*THE PROBLEM:* From the first line to the last, reproduce the records exactly.

*DATA FOR THIS EXERCISE:*
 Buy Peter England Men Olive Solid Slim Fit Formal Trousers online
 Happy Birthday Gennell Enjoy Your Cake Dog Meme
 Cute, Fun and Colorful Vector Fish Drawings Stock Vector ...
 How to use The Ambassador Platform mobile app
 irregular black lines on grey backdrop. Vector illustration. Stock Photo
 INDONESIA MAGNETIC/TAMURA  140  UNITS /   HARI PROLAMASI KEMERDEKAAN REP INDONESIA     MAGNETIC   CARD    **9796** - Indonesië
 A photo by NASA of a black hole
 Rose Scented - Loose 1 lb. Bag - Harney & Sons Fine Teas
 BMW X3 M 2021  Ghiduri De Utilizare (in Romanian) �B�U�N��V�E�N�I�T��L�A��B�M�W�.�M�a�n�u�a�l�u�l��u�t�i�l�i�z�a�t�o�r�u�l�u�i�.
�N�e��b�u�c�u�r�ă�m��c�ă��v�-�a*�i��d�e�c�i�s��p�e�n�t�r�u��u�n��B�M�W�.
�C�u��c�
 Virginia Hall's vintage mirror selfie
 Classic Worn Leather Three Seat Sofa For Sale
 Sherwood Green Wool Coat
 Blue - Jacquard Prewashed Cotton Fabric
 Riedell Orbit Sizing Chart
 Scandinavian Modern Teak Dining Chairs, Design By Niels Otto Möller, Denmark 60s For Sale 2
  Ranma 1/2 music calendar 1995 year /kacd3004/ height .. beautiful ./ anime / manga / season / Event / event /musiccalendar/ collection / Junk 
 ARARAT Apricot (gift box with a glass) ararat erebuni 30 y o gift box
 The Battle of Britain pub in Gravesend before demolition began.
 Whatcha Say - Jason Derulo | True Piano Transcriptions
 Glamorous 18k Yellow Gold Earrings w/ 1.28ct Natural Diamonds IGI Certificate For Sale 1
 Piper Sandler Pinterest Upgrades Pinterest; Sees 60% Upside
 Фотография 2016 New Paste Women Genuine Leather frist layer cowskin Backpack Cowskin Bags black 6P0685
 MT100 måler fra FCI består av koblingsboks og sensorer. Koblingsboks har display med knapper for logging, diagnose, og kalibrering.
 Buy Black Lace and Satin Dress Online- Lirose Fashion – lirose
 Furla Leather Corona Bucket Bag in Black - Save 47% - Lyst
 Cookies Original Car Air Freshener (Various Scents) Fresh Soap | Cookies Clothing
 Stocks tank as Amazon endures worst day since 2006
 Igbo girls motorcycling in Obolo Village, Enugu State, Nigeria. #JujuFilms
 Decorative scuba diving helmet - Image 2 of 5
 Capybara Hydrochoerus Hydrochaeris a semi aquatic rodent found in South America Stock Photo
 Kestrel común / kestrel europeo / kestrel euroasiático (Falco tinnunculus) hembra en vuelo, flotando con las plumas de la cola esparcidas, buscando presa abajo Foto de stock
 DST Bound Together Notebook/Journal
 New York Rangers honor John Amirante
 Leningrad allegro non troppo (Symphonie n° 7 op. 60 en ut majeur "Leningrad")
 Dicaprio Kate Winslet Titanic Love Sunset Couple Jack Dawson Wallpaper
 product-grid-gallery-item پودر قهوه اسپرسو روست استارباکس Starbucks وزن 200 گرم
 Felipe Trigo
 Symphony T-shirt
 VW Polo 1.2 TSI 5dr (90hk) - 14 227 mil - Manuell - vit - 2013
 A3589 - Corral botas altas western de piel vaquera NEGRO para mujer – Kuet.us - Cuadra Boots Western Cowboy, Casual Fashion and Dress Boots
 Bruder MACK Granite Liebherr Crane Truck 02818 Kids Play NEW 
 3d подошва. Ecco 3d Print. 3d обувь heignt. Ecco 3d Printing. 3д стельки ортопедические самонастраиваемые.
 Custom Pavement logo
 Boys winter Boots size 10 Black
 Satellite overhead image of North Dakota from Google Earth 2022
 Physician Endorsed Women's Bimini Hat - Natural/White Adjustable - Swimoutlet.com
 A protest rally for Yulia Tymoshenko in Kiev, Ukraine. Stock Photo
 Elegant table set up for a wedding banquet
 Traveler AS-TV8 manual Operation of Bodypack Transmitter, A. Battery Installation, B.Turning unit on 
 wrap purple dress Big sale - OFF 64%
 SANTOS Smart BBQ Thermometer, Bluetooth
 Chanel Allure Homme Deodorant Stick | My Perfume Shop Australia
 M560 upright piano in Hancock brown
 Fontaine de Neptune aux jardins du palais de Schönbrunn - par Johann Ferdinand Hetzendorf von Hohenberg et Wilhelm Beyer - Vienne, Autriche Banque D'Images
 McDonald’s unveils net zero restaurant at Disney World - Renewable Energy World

*TASK ANSWER:*
 Buy Peter England Men Olive Solid Slim Fit Formal Trousers online
 Happy Birthday Gennell Enjoy Your Cake Dog Meme
 Cute, Fun and Colorful Vector Fish Drawings Stock Vector ...
 How to use The Ambassador Platform mobile app
 irregular black lines on grey backdrop. Vector illustration. Stock Photo
 INDONESIA MAGNETIC/TAMURA  140  UNITS /   HARI PROLAMASI KEMERDEKAAN REP INDONESIA     MAGNETIC   CARD    **9796** - Indonesië
 A photo by NASA of a black hole
 Rose Scented - Loose 1 lb. Bag - Harney & Sons Fine Teas
 BMW X3 M 2021  Ghiduri De Utilizare (in Romanian) �B�U�N��V�E�N�I�T��L�A��B�M�W�.�M�a�n�u�a�l�u�l��u�t�i�l�i�z�a�t�o�r�u�l�u�i�.
�N�e��b�u�c�u�r�ă�m��c�ă��v�-�a*�i��d�e�c�i�s��p�e�n�t�r�u��u�n��B�M�W�.
�C�u��c�
 Virginia Hall's vintage mirror selfie
 Classic Worn Leather Three Seat Sofa For Sale
 Sherwood Green Wool Coat
 Blue - Jacquard Prewashed Cotton Fabric
 Riedell Orbit Sizing Chart
 Scandinavian Modern Teak Dining Chairs, Design By Niels Otto Möller, Denmark 60s For Sale 2
  Ranma 1/2 music calendar 1995 year /kacd3004/ height .. beautiful ./ anime / manga / season / Event / event /musiccalendar/ collection / Junk 
 ARARAT Apricot (gift box with a glass) ararat erebuni 30 y o gift box
 The Battle of Britain pub in Gravesend before demolition began.
 Whatcha Say - Jason Derulo | True Piano Transcriptions
 Glamorous 18k Yellow Gold Earrings w/ 1.28ct Natural Diamonds IGI Certificate For Sale 1
 Piper Sandler Pinterest Upgrades Pinterest; Sees 60% Upside
 Фотография 2016 New Paste Women Genuine Leather frist layer cowskin Backpack Cowskin Bags black 6P0685
 MT100 måler fra FCI består av koblingsboks og sensorer. Koblingsboks har display med knapper for logging, diagnose, og kalibrering.
 Buy Black Lace and Satin Dress Online- Lirose Fashion – lirose
 Furla Leather Corona Bucket Bag in Black - Save 47% - Lyst
 Cookies Original Car Air Freshener (Various Scents) Fresh Soap | Cookies Clothing
 Stocks tank as Amazon endures worst day since 2006
 Igbo girls motorcycling in Obolo Village, Enugu State, Nigeria. #JujuFilms
 Decorative scuba diving helmet - Image 2 of 5
 Capybara Hydrochoerus Hydrochaeris a semi aquatic rodent found in South America Stock Photo
 Kestrel común / kestrel europeo / kestrel euroasiático (Falco tinnunculus) hembra en vuelo, flotando con las plumas de la cola esparcidas, buscando presa abajo Foto de stock
 DST Bound Together Notebook/Journal
 New York Rangers honor John Amirante
 Leningrad allegro non troppo (Symphonie n° 7 op. 60 en ut majeur "Leningrad")
 Dicaprio Kate Winslet Titanic Love Sunset Couple Jack Dawson Wallpaper
 product-grid-gallery-item پودر قهوه اسپرسو روست استارباکس Starbucks وزن 200 گرم
 Felipe Trigo
 Symphony T-shirt
 VW Polo 1.2 TSI 5dr (90hk) - 14 227 mil - Manuell - vit - 2013
 A3589 - Corral botas altas western de piel vaquera NEGRO para mujer – Kuet.us - Cuadra Boots Western Cowboy, Casual Fashion and Dress Boots
 Bruder MACK Granite Liebherr Crane Truck 02818 Kids Play NEW 
 3d подошва. Ecco 3d Print. 3d обувь heignt. Ecco 3d Printing. 3д стельки ортопедические самонастраиваемые.
 Custom Pavement logo
 Boys winter Boots size 10 Black
 Satellite overhead image of North Dakota from Google Earth 2022
 Physician Endorsed Women's Bimini Hat - Natural/White Adjustable - Swimoutlet.com
 A protest rally for Yulia Tymoshenko in Kiev, Ukraine. Stock Photo
 Elegant table set up for a wedding banquet
 Traveler AS-TV8 manual Operation of Bodypack Transmitter, A. Battery Installation, B.Turning unit on 
 wrap purple dress Big sale - OFF 64%
 SANTOS Smart BBQ Thermometer, Bluetooth
 Chanel Allure Homme Deodorant Stick | My Perfume Shop Australia
 M560 upright piano in Hancock brown
 Fontaine de Neptune aux jardins du palais de Schönbrunn - par Johann Ferdinand Hetzendorf von Hohenberg et Wilhelm Beyer - Vienne, Autriche Banque D'Images
 McDonald’s unveils net zero restaurant at Disney World - Renewable Energy World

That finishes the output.